I never ate at Windows, but I attended a few events there (including Bill Gates' roll out of Windows NT in an event called "Windows on Wall Street" - sat next to the IT director for the CIA!). I've followed the stories of some of the survivors and have been impressed with just who the people working there were. It was apparently a very interesting mix of people. I wish them well.
If banks wouldn't touch it, there's a good reason.
From someone who worked in a restaurant for seven years, I think this is a great idea. From kitchen, to wait, to bar staff, there are always very capable, knowledgeable people. Some people live and breathe the business, could do it with their eyes closed.
This is a great tribute to the lives lost perhaps a reconciliation of the dreams that died with others that day.
Banks hate to fund small and start-up business. Without private investors, many of today's successful entrepenuerships wouldn't exist.
If it wasn't for private money, you'd never see a new restaurant and there'd be a terrible shortage of folks to clean the floors and windows . . .
I love the idea, and I hope they do well! God bless them for pursuing their American dream, and for trying to bring soemthing positive out of horror.
I'll make sure I visit them on my next trip to NYC (which may be a while since I was just there a week ago). Maybe hubby can take some associates there when he's in NJ next month.
Bull. It's about money ... they want some, they're willing to work for it, and they managed to round up some folks to help with capital. Good on 'em ... I wish them success. But can the anticapitalist blather.
I wish them well.
4 Years in NYC?? and you haven't been able to do anything but odd jobs?? I'm sorry, but, if that's all you can find in that city in 4 years.. you just aren't looking.
The banks were busy giving out loans to massage parlors in Las Vegas to actually help NYers with legitimate losses.
I don't quite understand why they wouldn't be able to find jobs in other retaurants in NYC. Sure the recession deepened after 9-11, but that was four years ago. The economy has been growing quite well.
This article has an address for the restaurant on Lafayette St.
http://64.233.167.104/search?q=cache:a-h9dNtI50oJ:www.cnn.com/2005/US/01/19/wtc.restaurant.ap/+colors+restaurant&hl=en&client=firefox-a
This article made me wonder what happened to Windows on the World (and TV Food Network) chef Michael Lomonaco, who escaped death on 9/11 because he was picking up a new pair of eyeglasses.

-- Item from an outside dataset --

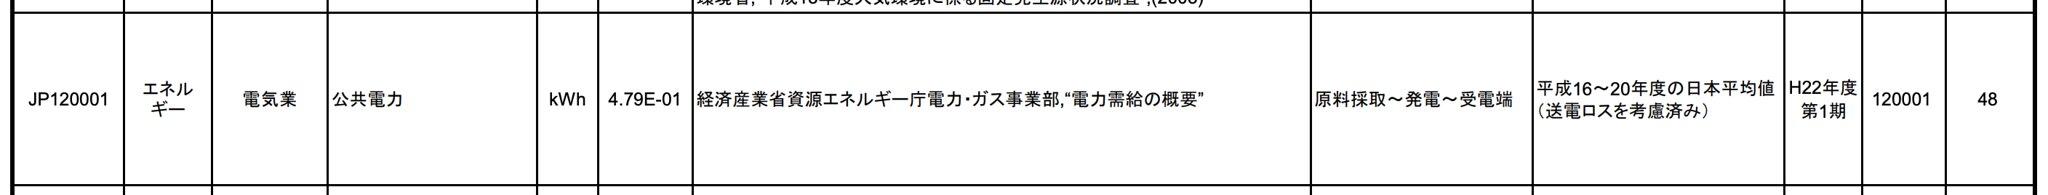 スクリーンショット 2021-01-18 8.46.57
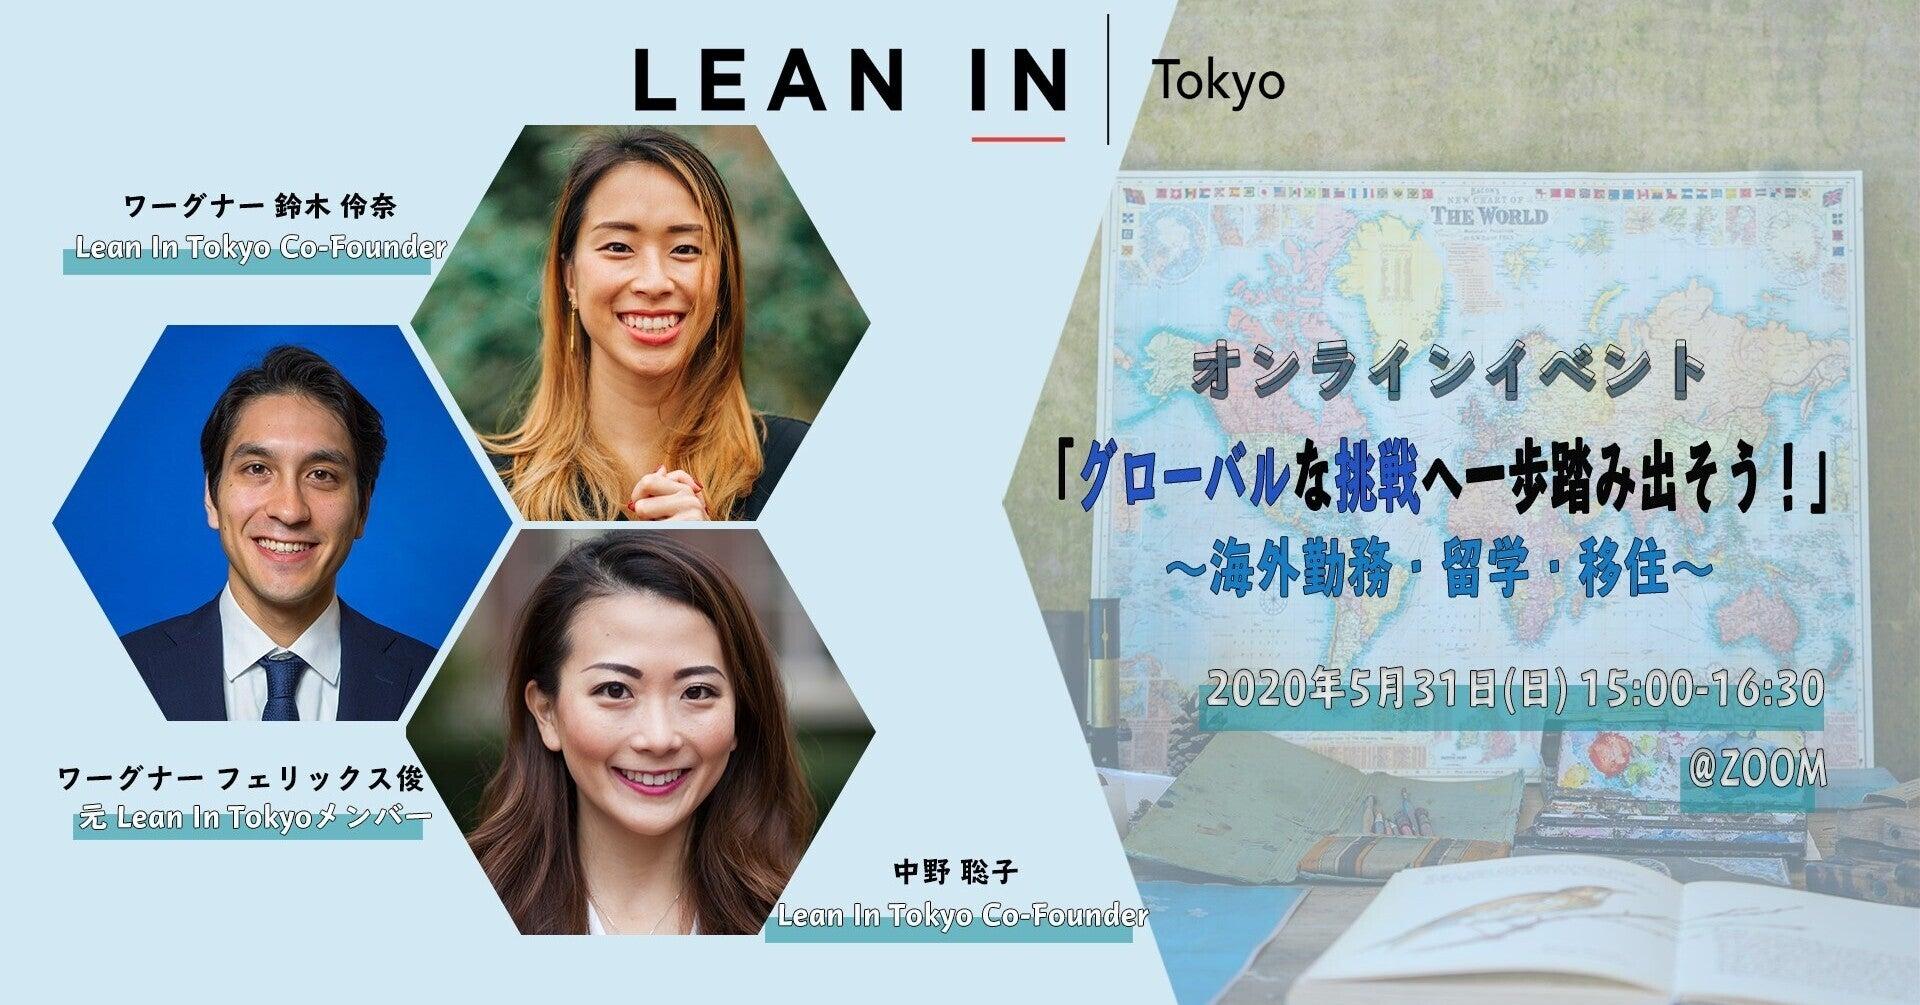 【5/31 グローバルな挑戦へ一歩踏み出そう!〜海外勤務・留学・移住〜イベントレポート】

He's gone to a restaurant called Guastavinos on E. 59th. http://www.guastavinos.com/chef.asp
The cooperative is paying $21,500 a month for the space at 417 Lafayette St., about a 20-minute walk from the trade center site.
I give them all the credit and wishes for success.
We could all use a reminder that life could change unalterably is the beat of a heart.
Banks aren't charities. That's why we have banks, and, well, charities.
Sure you can fail.
Quite. See my post.
As for the rest, your post is nonresponsive nonsense based on false assumptions. Try reading what I wrote, and reading what I responded to.